Adams v. 1365 E. Blvd. Corp.

2016 Ohio 8487
CourtOhio Court of Appeals
DecidedDecember 29, 2016
Docket104089 & 104126
StatusPublished

This text of 2016 Ohio 8487 (Adams v. 1365 E. Blvd. Corp.) is published on Counsel Stack Legal Research, covering Ohio Court of Appeals primary law. Counsel Stack provides free access to over 12 million legal documents including statutes, case law, regulations, and constitutions.

Bluebook
Adams v. 1365 E. Blvd. Corp., 2016 Ohio 8487 (Ohio Ct. App. 2016).

Opinion

[Cite as Adams v. 1365 E. Blvd. Corp., 2016-Ohio-8487.]

Court of Appeals of Ohio EIGHTH APPELLATE DISTRICT COUNTY OF CUYAHOGA

JOURNAL ENTRY AND OPINION Nos. 104089 and 104126

BERNARD ADAMS PLAINTIFF-APPELLANT

vs.

1365 EAST BOULEVARD CORPORATION DEFENDANT-APPELLEE

JUDGMENT: AFFIRMED

Civil Appeal from the Cuyahoga County Court of Common Pleas Case No. CV-14-835330

BEFORE: E.T. Gallagher, P.J., Laster Mays, J., and Celebrezze, J.

RELEASED AND JOURNALIZED: December 29, 2016 ATTORNEY FOR APPELLANT

Myron P. Watson 614 West Superior Avenue 1144 Rockefeller Building Cleveland, Ohio 44113

ATTORNEY FOR APPELLEE

Nancy C. Schuster Schuster & Simmons Co. 2913 Clinton Avenue Cleveland, Ohio 44113 EILEEN T. GALLAGHER, P.J.:

{¶1} Plaintiff-appellant, Bernard Adams (“Adams”), appeals from the judgment of

the trial court awarding offsetting damages to Adams and defendant-appellee,1 1365 East

Boulevard Corporation (the “Cooperative”), in the amount of $26,021. Adams raises the

following assignments of error for our review:

1. The trial court erred and abused its discretion in failing to award the plaintiff reimbursement for the monies paid for the repair and maintenance of the building, which was against the manifest weight of the evidence.

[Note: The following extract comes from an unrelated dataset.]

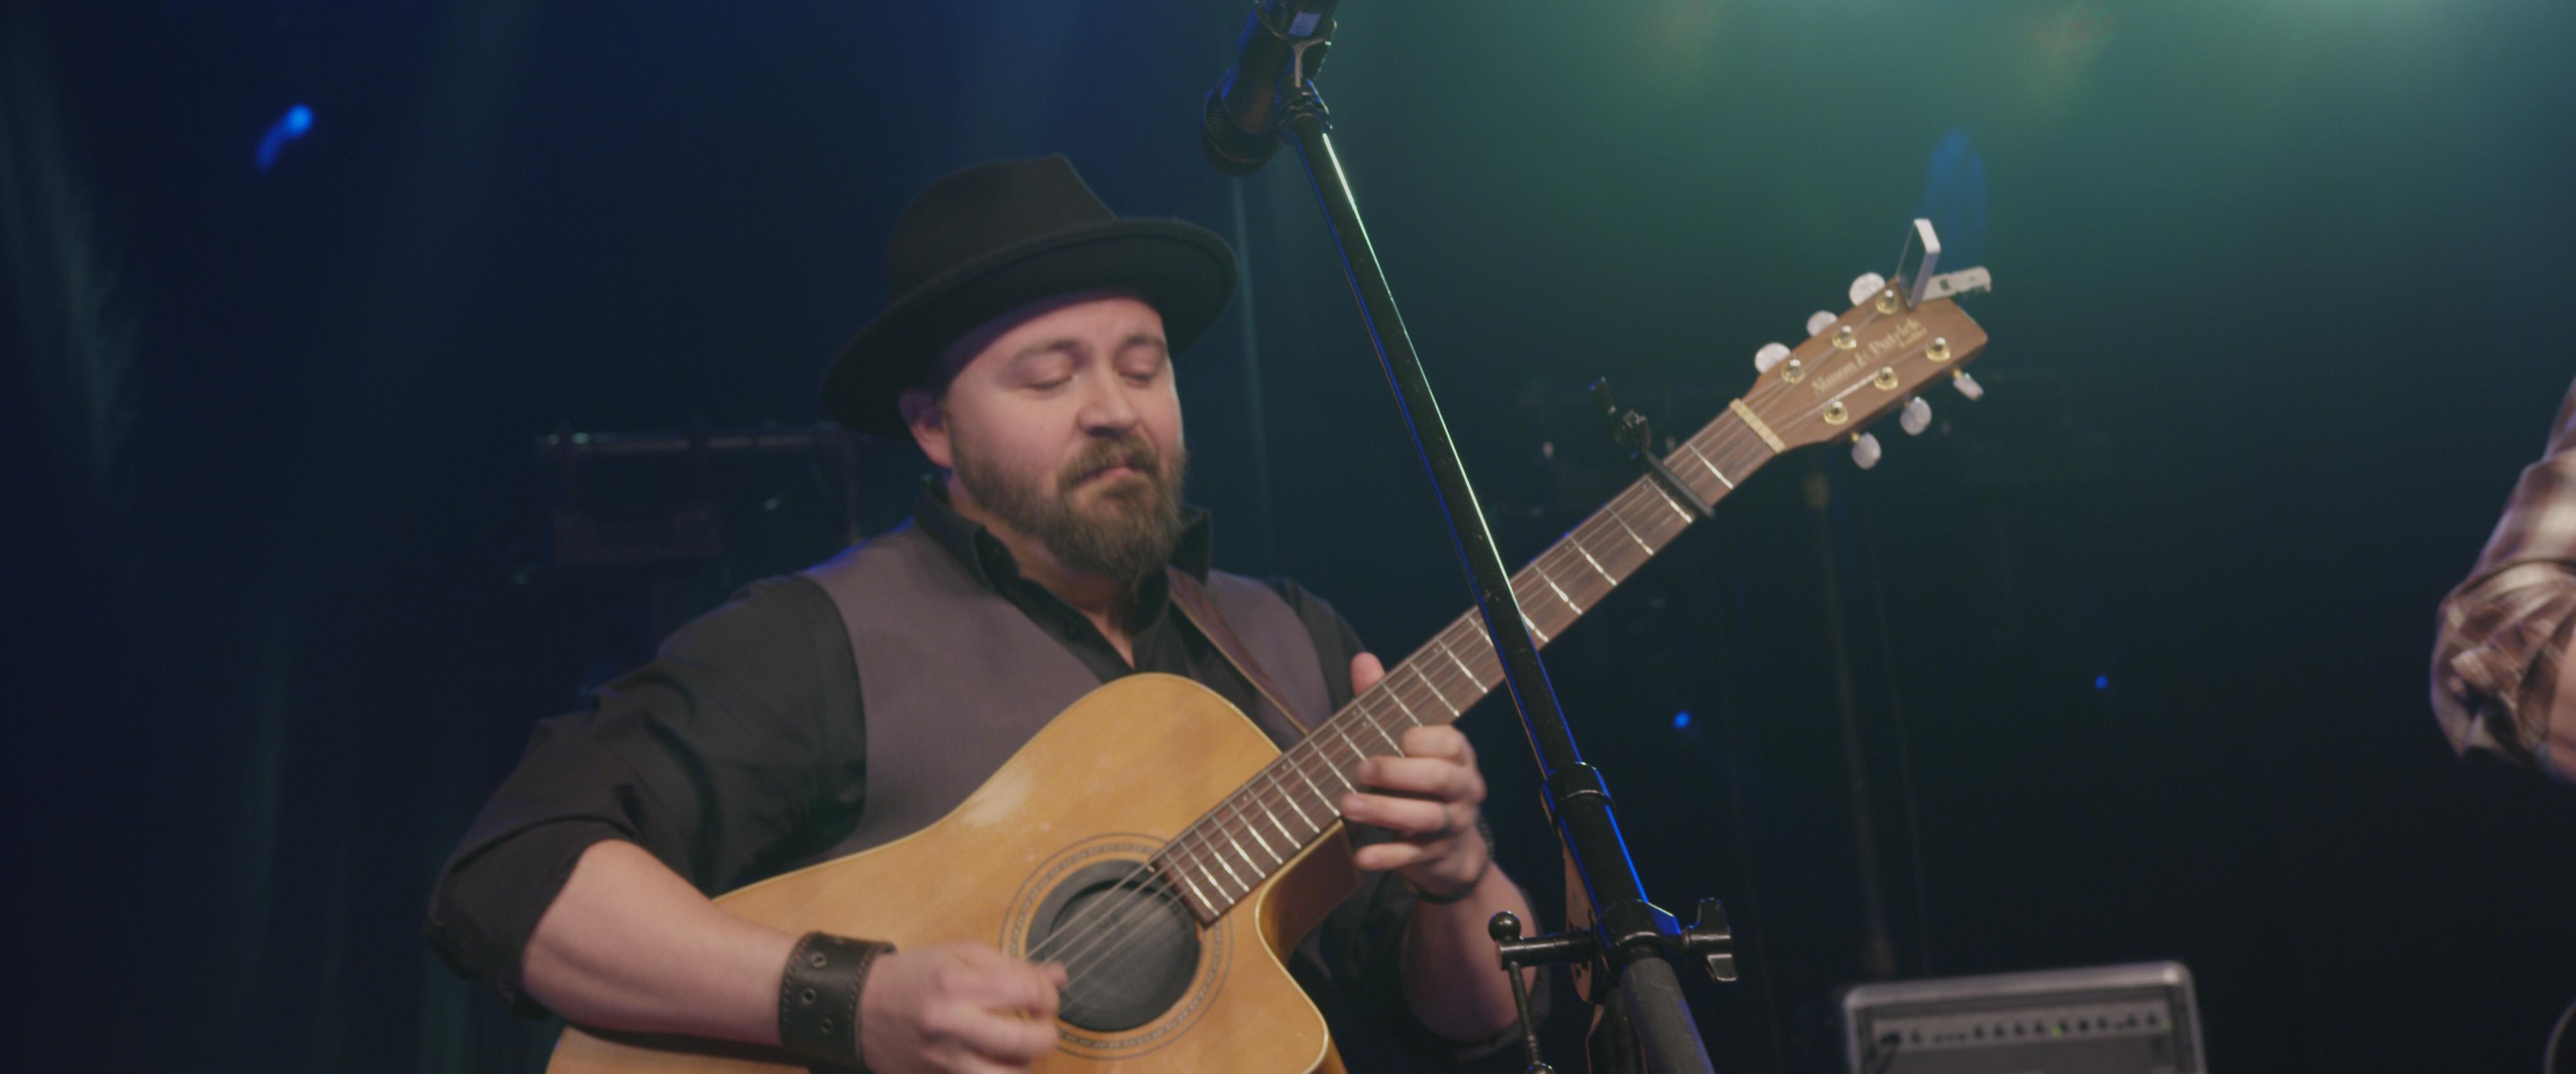 Blake Reid Band - 2017 ACMA's 18

2. The trial court erred and abused its discretion when it failed to grant the plaintiff an award or reimbursement for attorney fees, and this ruling was against the manifest weight of the evidence.

3. The trial court erred and abused its discretion when it found that maintenance costs were owed on unit one when the damages to the unit were structural and not solely attributable to damages inside the apartment unit, and such finding was against the manifest weight of the evidence.

4. The trial court erred and abused its discretion when it found that the plaintiff should not be reimbursed for monies paid for the repairs and maintenance of the garage, and such finding was against the manifest weight of the evidence.

{¶2} After careful review of the record and relevant case law, we affirm the trial

court’s judgment.

I. Procedural and Factual History

On February 16, 2016, the Cooperative filed a notice of cross-appeal but failed to file any 1

conforming briefs or arguments. Accordingly, we decline to treat the Cooperative as a cross-appellant. {¶3} In February 1949, the Cooperative was organized for the purpose of

“purchasing, owning, managing, and residing in” a six-unit cooperative apartment

building located on East Boulevard in Cleveland, Ohio. Pursuant to the terms of a

mutual agreement (the “Cooperative” or “Cooperative Agreement”), unit owners in the

apartment building have an equal share in the Cooperative, have equal responsibilities,

pay equal maintenance fees and assessments, and are required to act in the best interest of

the Cooperative. Relevant to this appeal, paragraph four of the Cooperative Agreement

states, in pertinent part:

{¶4} The following expenses shall be borne on a pro rata basis:

All outside repairs, including painting, roofing, gutters, down-spouts, outside carpentry, masonry, plumbing, electrical wiring, up-keep of garage, main sewer, screens and storm windows and awnings * * *.

***

[A]ll inside repairs, decorations, structural changes within the individual suites shall be the personal liability of the owners and occupants thereof.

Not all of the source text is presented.